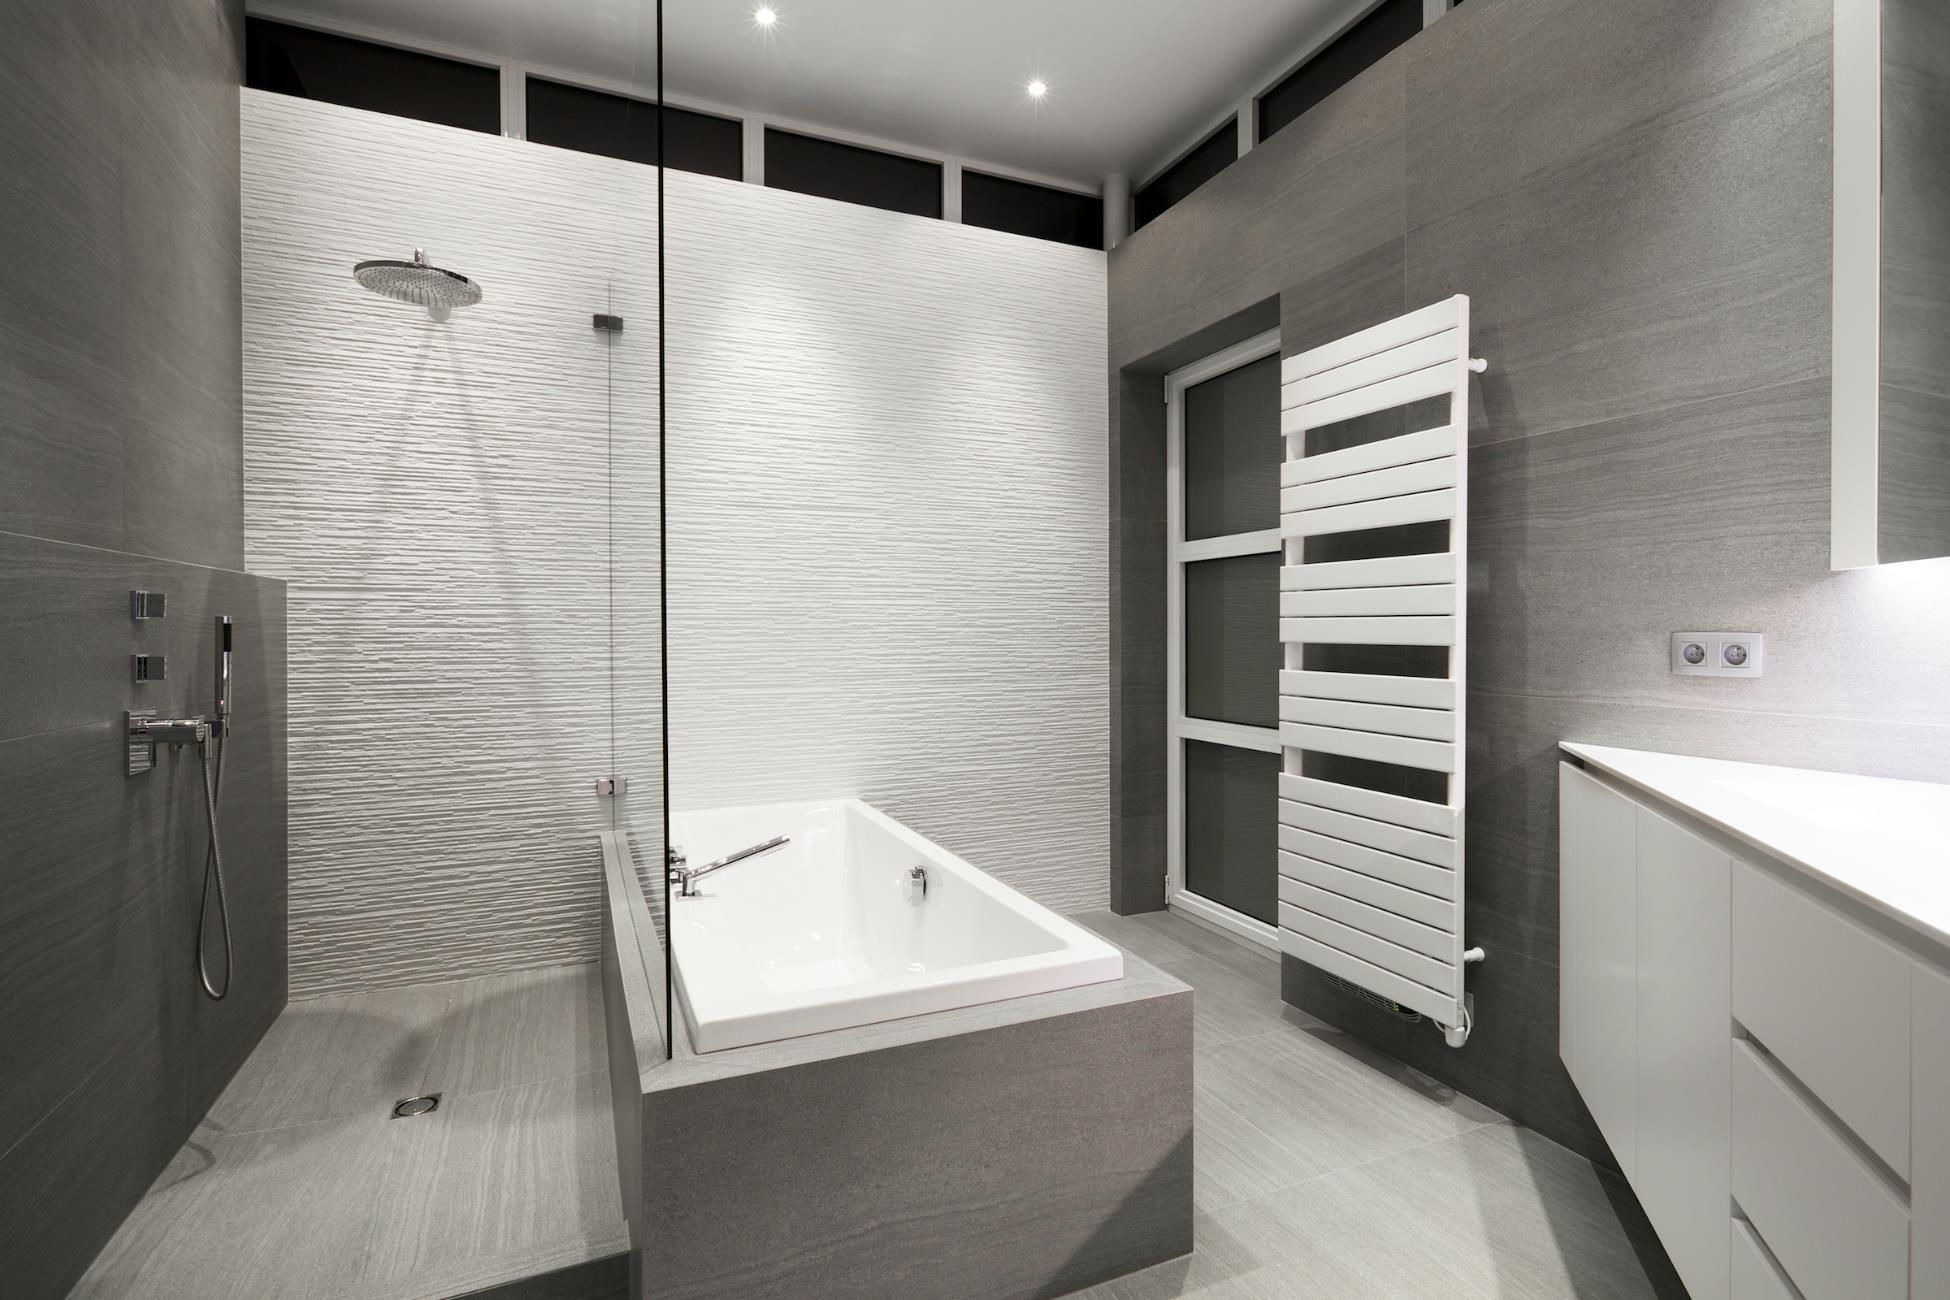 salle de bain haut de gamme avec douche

...

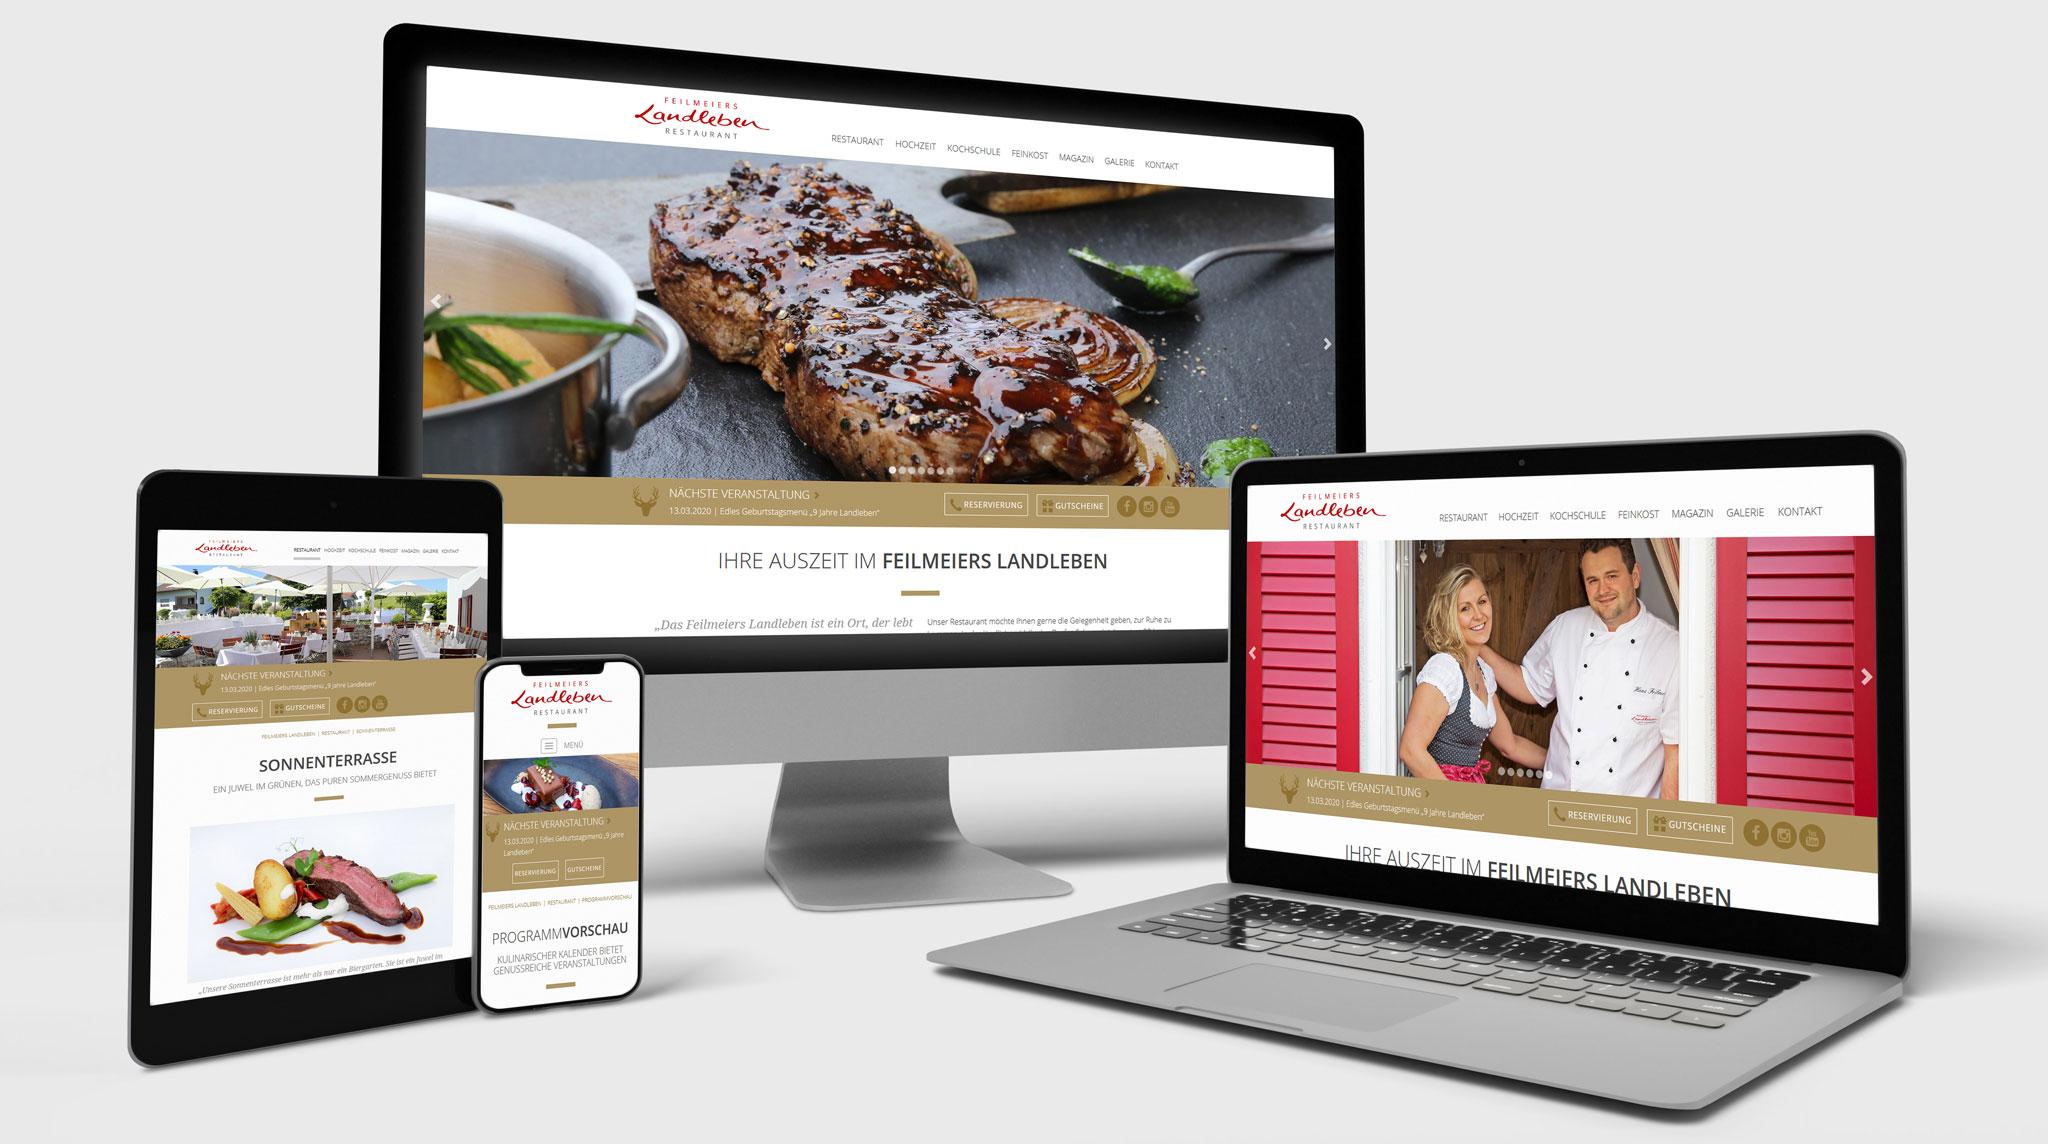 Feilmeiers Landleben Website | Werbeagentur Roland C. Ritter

* * *

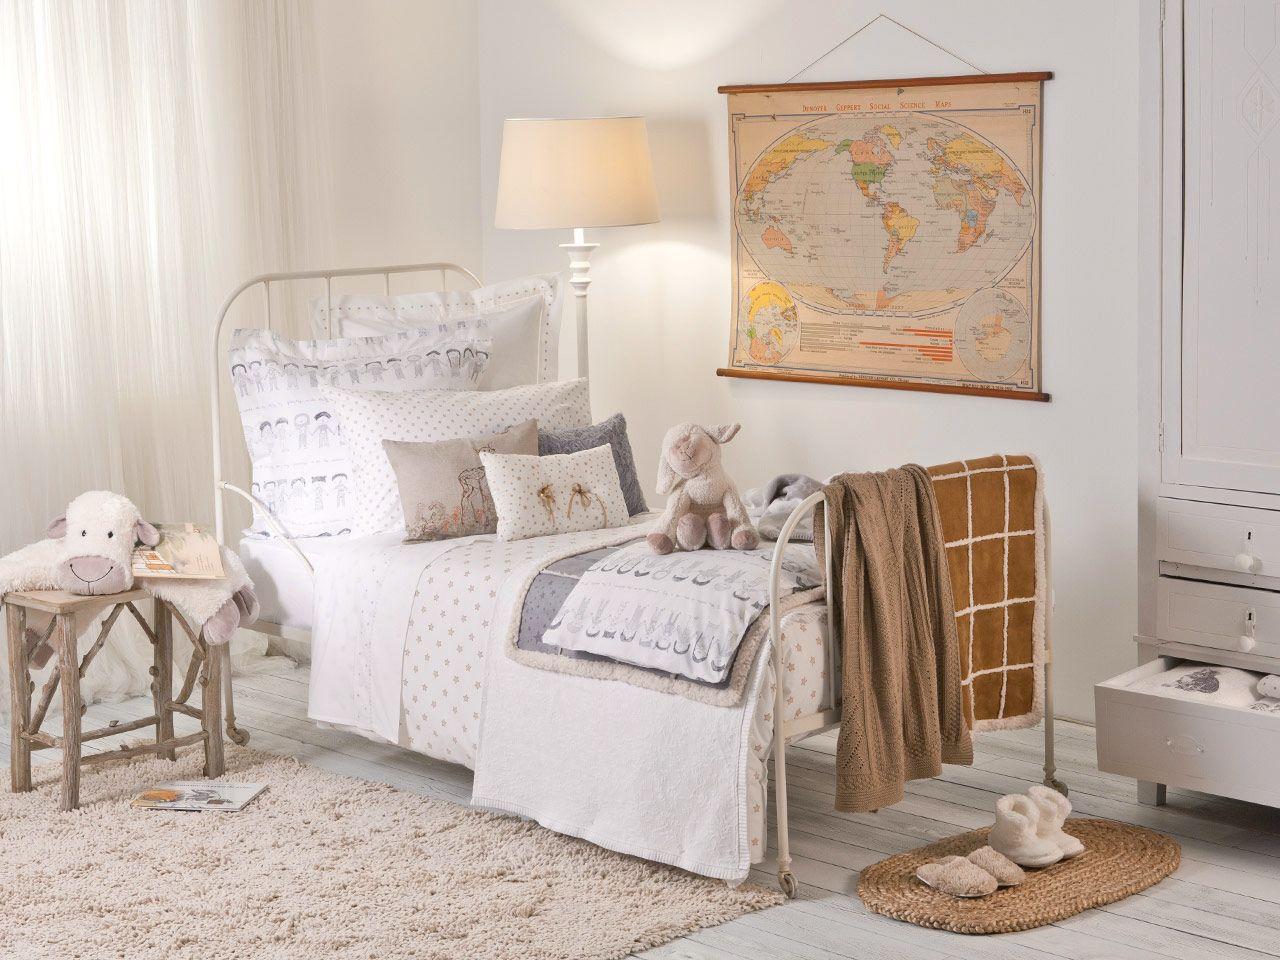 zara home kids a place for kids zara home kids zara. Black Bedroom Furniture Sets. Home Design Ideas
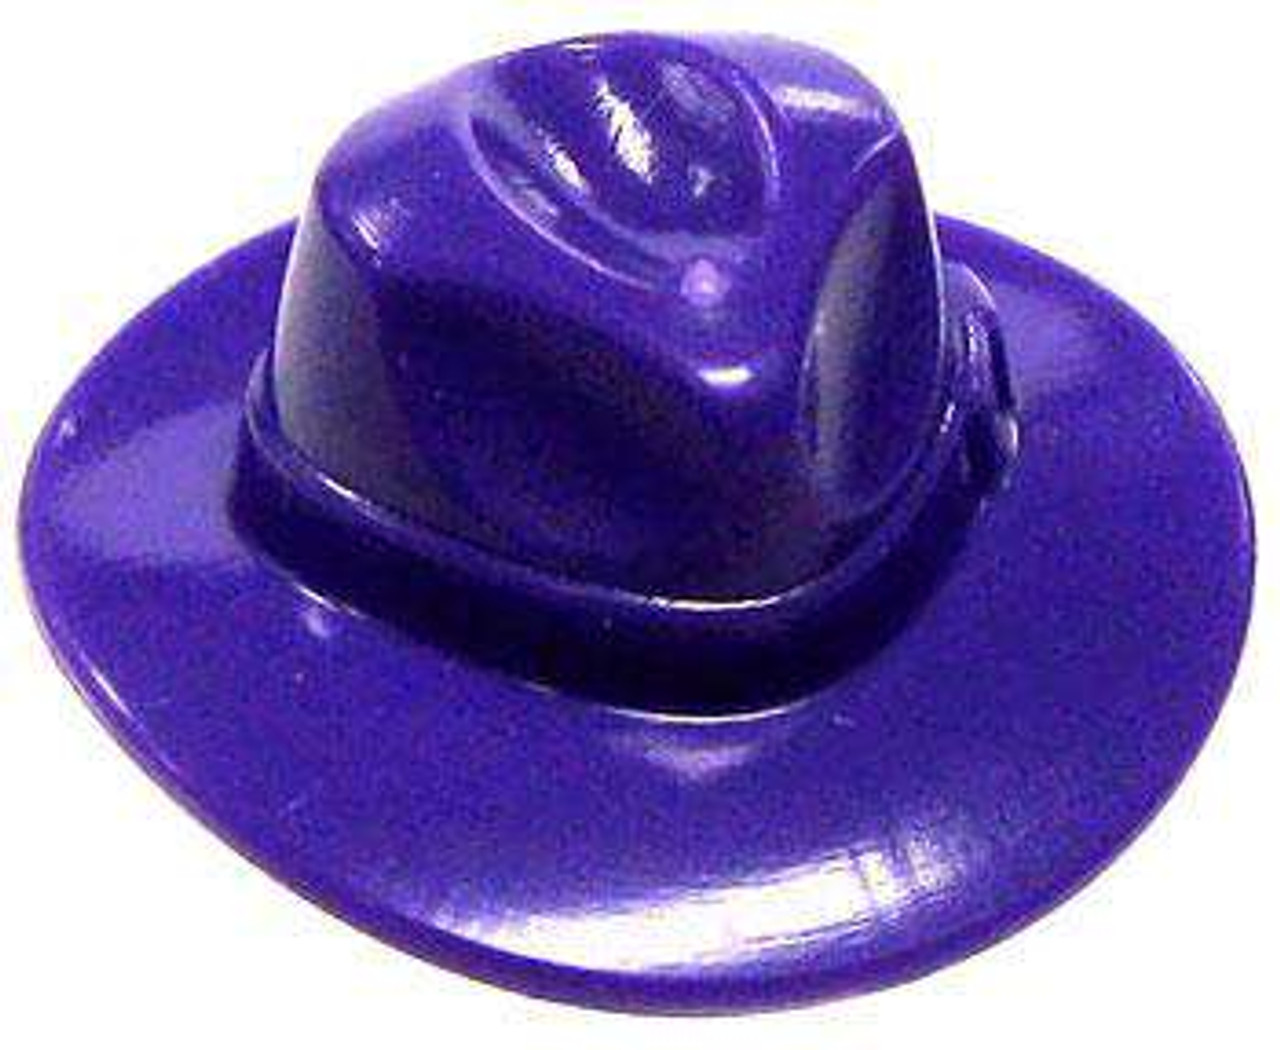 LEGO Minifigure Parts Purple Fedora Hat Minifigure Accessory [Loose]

**EXERCISE DETAILS:**
Copy only what runs above from the line containing "zara home kids a" through the line containing "LEGO Minifigure Parts", exactly. Leave out the pictures.

**OUTPUT OF THE EXERCISE:**
 zara home kids a place for kids zara home kids zara. Black Bedroom Furniture Sets. Home Design Ideas
 LEGO Minifigure Parts Purple Fedora Hat Minifigure Accessory [Loose]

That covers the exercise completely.